После этого триумф вылился на форум Тавра — самую большую площадь в Константинополе с высоченной витой колонной императора Феодосия посредине. Император Константин, заботясь о развлечении толпы, часто велел сбрасывать с этой колонны приговоренных к смерти. Собиралось огромное множество зевак, зрелище было жуткое. На форуме Тавра триумфальная процессия разделилась.
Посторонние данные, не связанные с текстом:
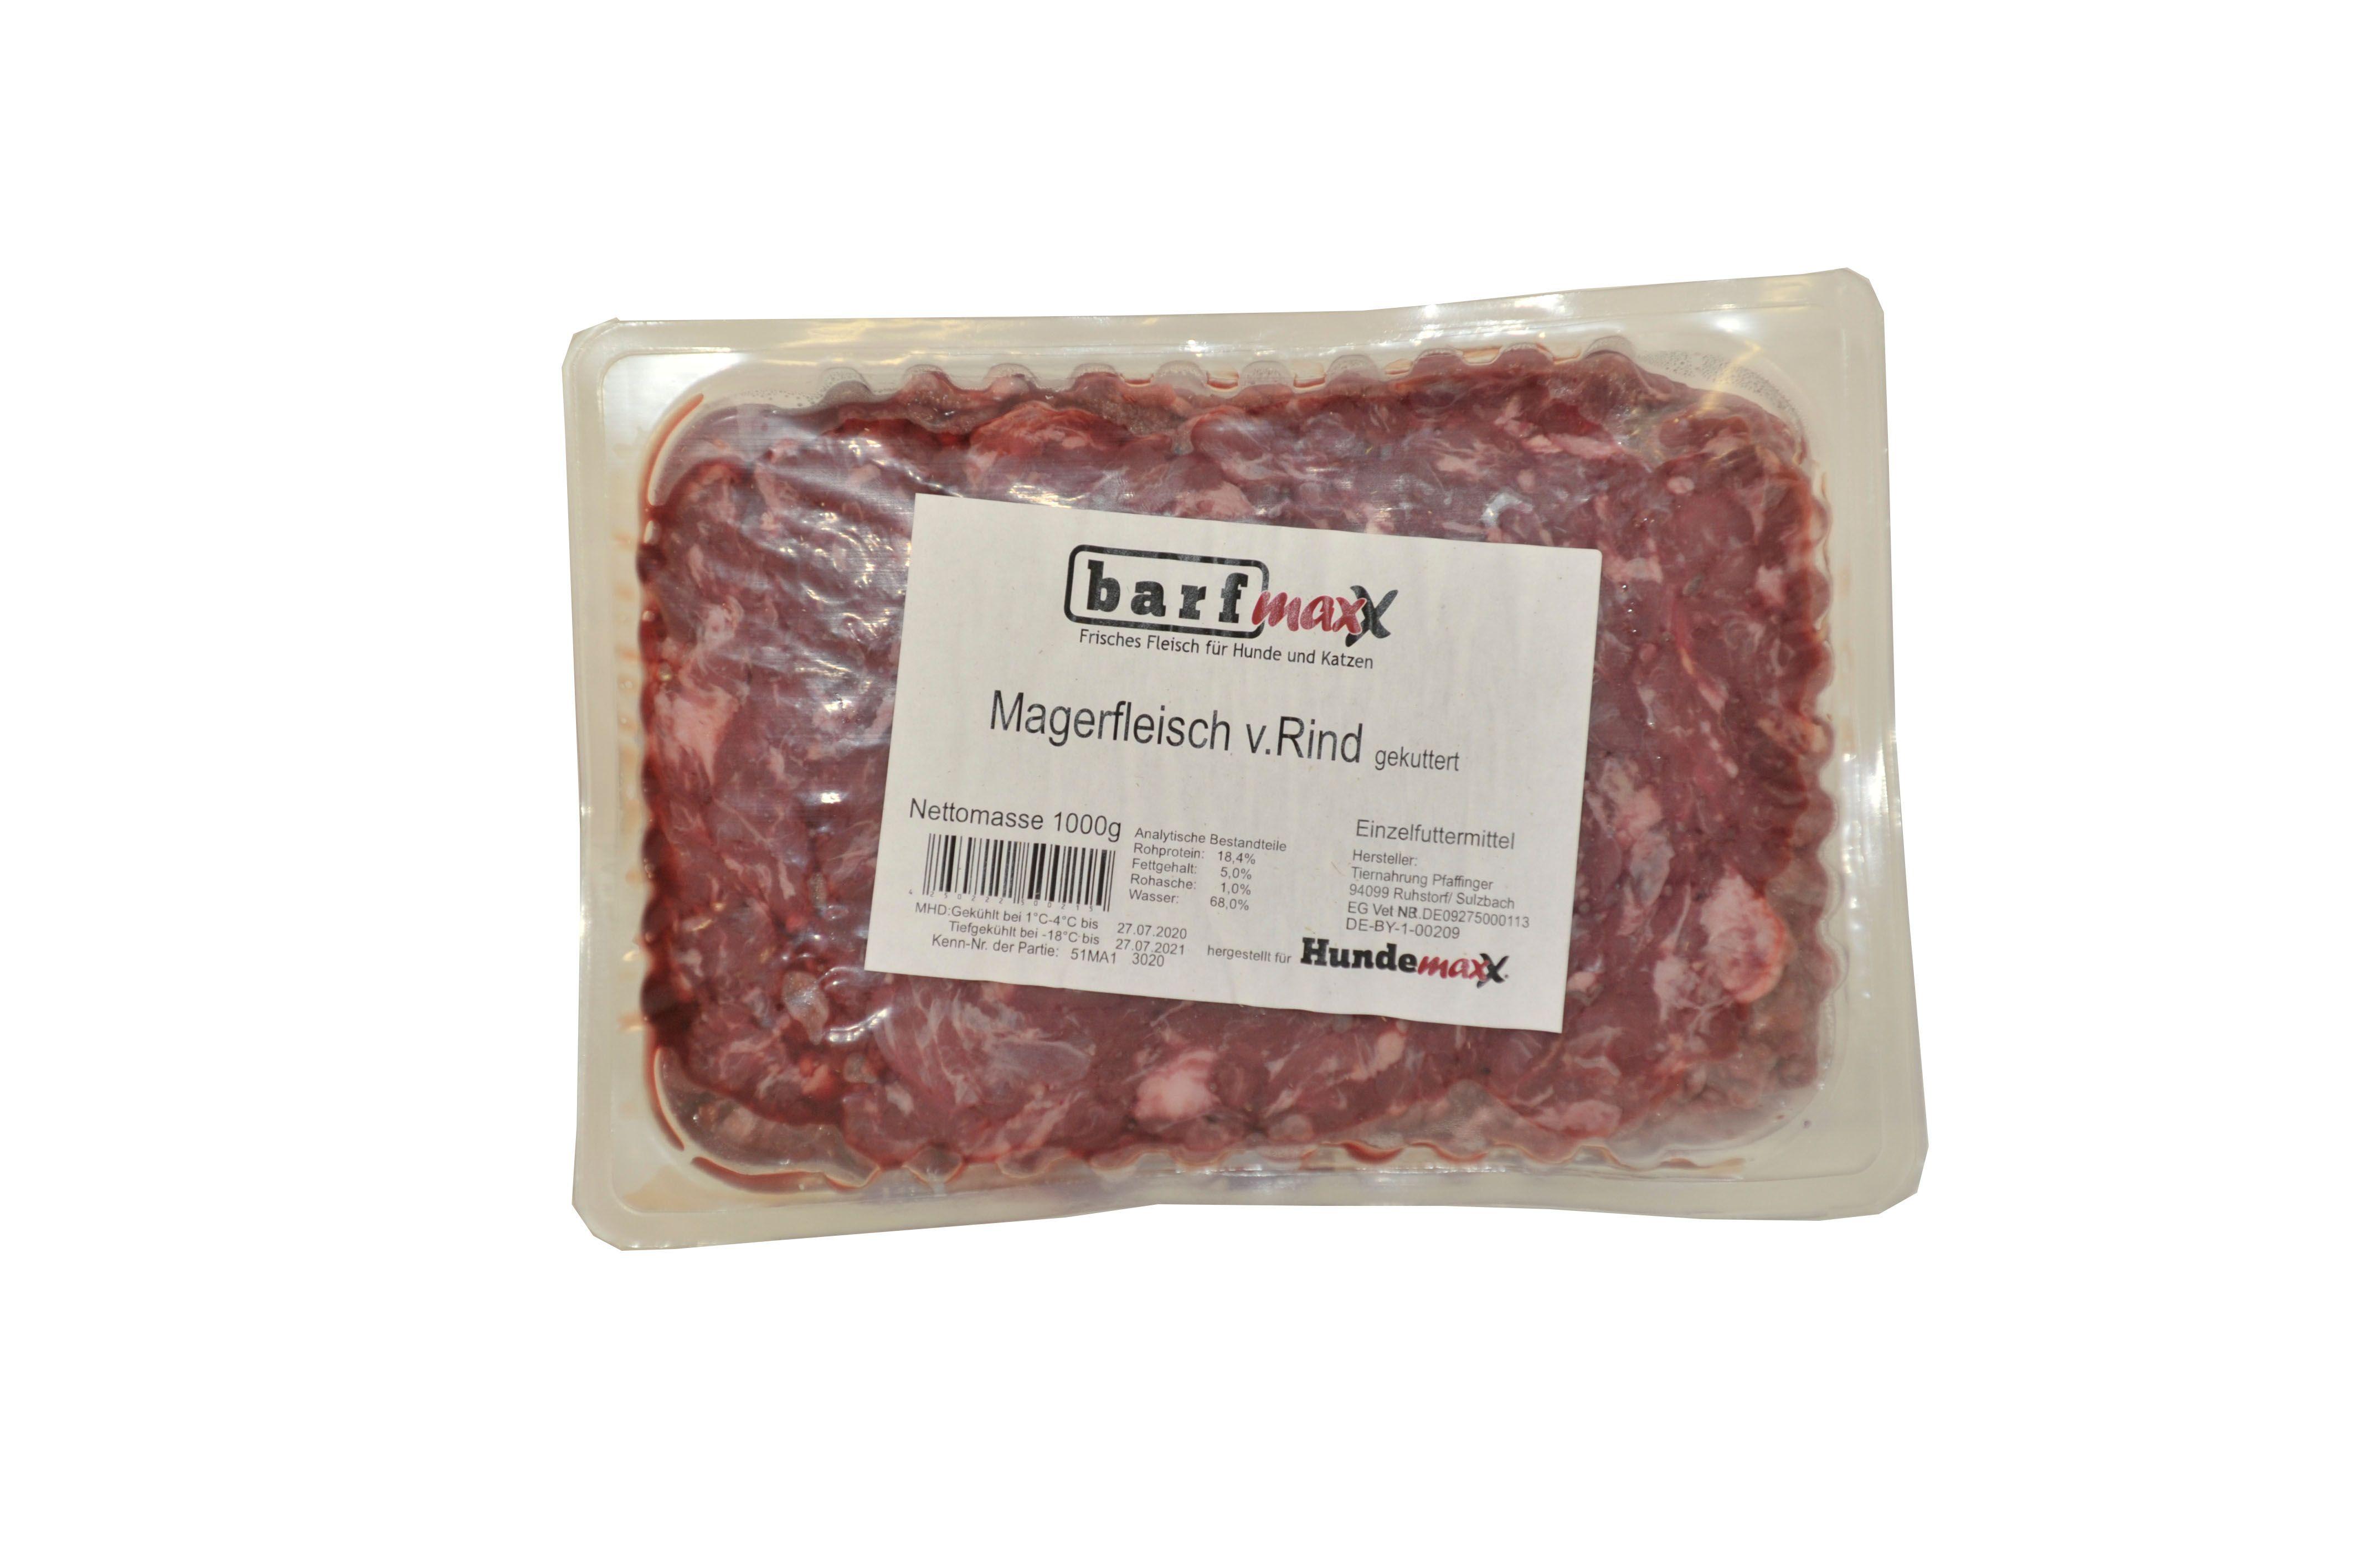 barfmaxx Magerfleisch gekuttert

Пока императора принимали возле Модия, а потом возле церкви Девы Дьякониссы, где он потом вместе с патриархом совершал трапезу, из колонны триумфа отделены были болгарские пленники и направлены к Филадельфию, а основное шествие двигалось дальше вниз по улице, ведшей к форуму Быка.
Впереди пленников пущены были только трубачи, а позади с прежней мрачной невозмутимостью двигались странные евнухи с двурогими вилами на плечах. Трубы звучали резко и отрывисто, будто хищные птицы, воины, уже не сдерживаемые торжественностью общего похода, дали волю своей злобе, гнали пленных чуть ли не бегом, выталкивая вперед тех, кто сохранил больше всего силы; никто не мог понять, зачем эта перестановка, никто не знал, куда так спешат охранники; быть может, только Сивоок наконец со всей ужасающей отчетливостью понял то, чего боялся более всего: их в самом деле гнали к Амастрианскому форуму, который сегодня должен был стать не местом конской ярмарки, как всегда, а местом казни.
Перед входом в Филадельфии возвышались установленные на тетрапилоне в виде арки две огромные бронзовые руки. Обреченные должны были пройти под этими руками. Собственно, никто из болгар и не заметил странной арки, ибо сколько уже прошли они арок, эмволов, форумов, улиц, зато Сивоок слишком хорошо знал, что это за знак, он невольно отпрянул назад, попытался пропустить мимо себя хотя бы несколько пар, но старый, как трухлявое дерево, ромейский воин, который давно уже заприметил Сивоока и преследовал его чуть ли не половину пути в столицу, понял хитрость «белого болгарина» (так прозвали его ромеи) и с проклятьями выставил его в самые первые ряды.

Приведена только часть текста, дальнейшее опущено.